Three Understandings of Awakening

Stages of Spiritual Development

There are so many ways to think about spiritual visitations, so many ways for the soul to awaken to God. Evelyn Underhill, in her magisterial book Mysticism, divides this awakening into two neat categories, The Revelation of Divine Beauty and The Wound of Divine Love. The Revelation of Divine Beauty is a transcendent moment, often experienced in nature, in which the limited human soul touches the absolute and eternal presence of God, and is changed by that brief touch. These words, “absolute” and “eternal” hint at the feel of this experience – it is a release from the confines of the self, a momentary escape into something huge and unexplainable, an apprehension of what Underhill calls “the impersonal glory of a transfigured world.”

The Wound of Divine Love will not release you, but instead captivate you and bring you to see all of creation through the eyes of God. You will know the entirety of God’s love and hope for us, and understand how we reject that love and act against that hope, and it will tear you to your soul. As Underhill says, “this  intimate realization  of  the  divine  has  reference  to  the  love  and  sorrow  at  the  heart  of  things,  the discord between Perfect Love and an imperfect world.” For many of the Christian tradition’s great mystics, these types of awakenings happened at odd and unexpected moments. They were almost accidental, often inconvenient, unconcerned with any schedule, task list, or even responsibility to community or loved ones.

But there is another way in which people awaken to God. Barbara Holmes points out that initiation rites in Africa, and really anywhere in the world where they are taken seriously, are intentionally designed to awaken the soul. Initiates are taken out of their every day lives, often in community with others who are being initiated, and placed in odd spaces that have odd relationships to time — “focused spiritual environments,” as Holmes calls them. “Initiates become open vessels receiving the wisdom of the elders; more important, they take their places on the great wheel of life that turns elders into ancestors and children into adults. They learn to embrace the spirit realm and to understand that life is never linear but a cycle of spiritual seasons.”⁠1 So the conditions for awakening can be created by us, although God has to choose to participate in these initiations.

There are, undoubtably, other ways of opening to God that don’t fall within this triune schema of transcendence, immanence, and initiation, and many nuances and shades of variation between each of these three ways of understanding awakening. And I don’t think that the human soul is limited to any one way of awakening. We live a cycle of spiritual seasons, and in one season awakening might happen in nature; and in another it might happen during a moment in which love swells within us and we want to extend ourselves into that love, to swim in it; and in another season still it might happen when we are initiated by a retreat, or a pilgrimage, or a preparation for baptism or confirmation, or any circumstance in which we leave our ordinary lives and immerse ourselves in a focused spiritual environment with other people.

As you think over your own life, you might be able to name many instances of  awakening.
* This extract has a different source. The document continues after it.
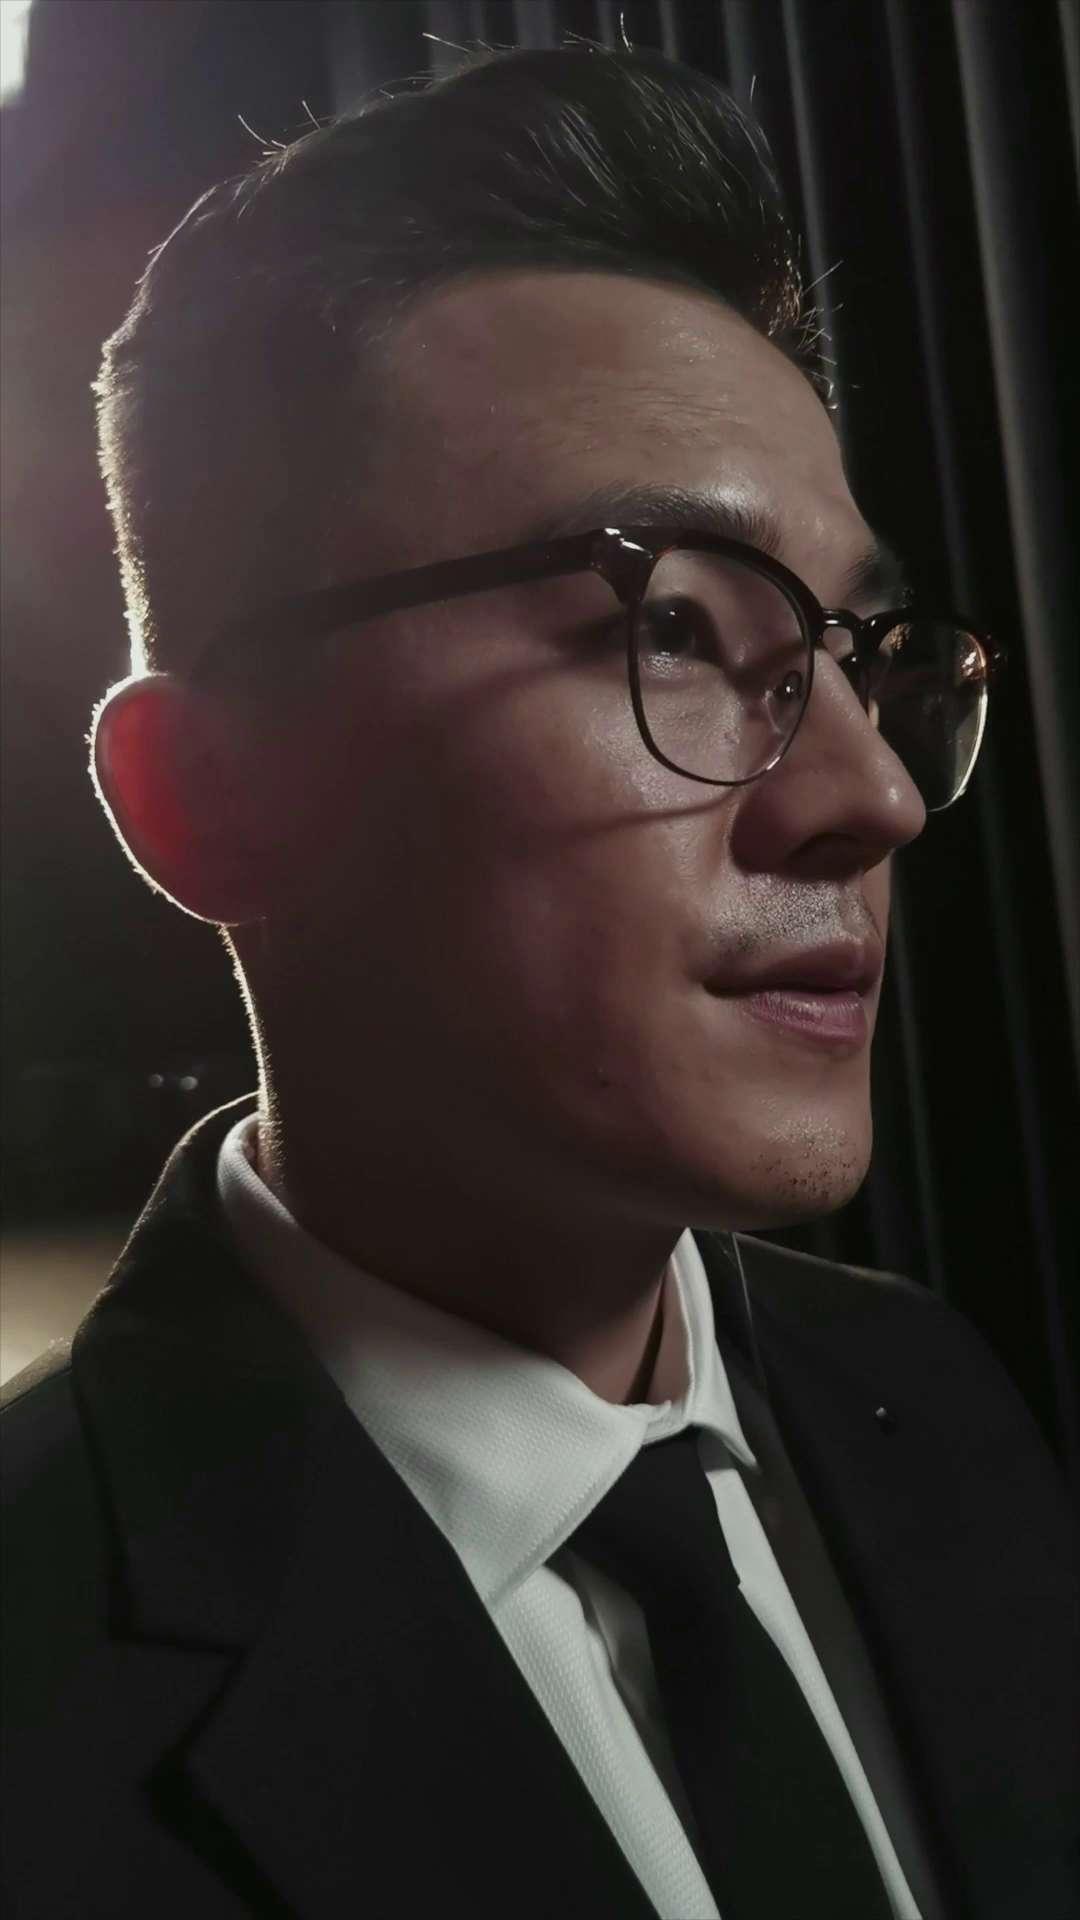 中国电影金鸡奖首支手机拍摄的宣传片《我和我的电影》发布啦!,华为Mate40系列-花粉俱乐部

I was awakened in a field outside a friend’s house, and in the John Muir Woods. Soon after that, I was awakened by a Mexican family from Bakersfield in the Sierra Nevada mountains, and years later I was awakened while gutting houses in New Orleans’s Ninth Ward after Hurricane Katrina, and, later still, while walking across campus and looking into the faces of the students. More recently, I’ve been awakened by group singing  — at a retreat that my friend Jane put together, with students hiking in the Hocking Hills, and at a funeral for a colleague. Every season, every moment of new growth within my life, seems to be accompanied by an awakening of one kind or another, and this may be true of you as well.

1 Holmes, Barbara A. 2017. Joy Unspeakable: Contemplative Practices of the Black Church – Second Edition. Minneapolis, Minnesota: Fortress Press.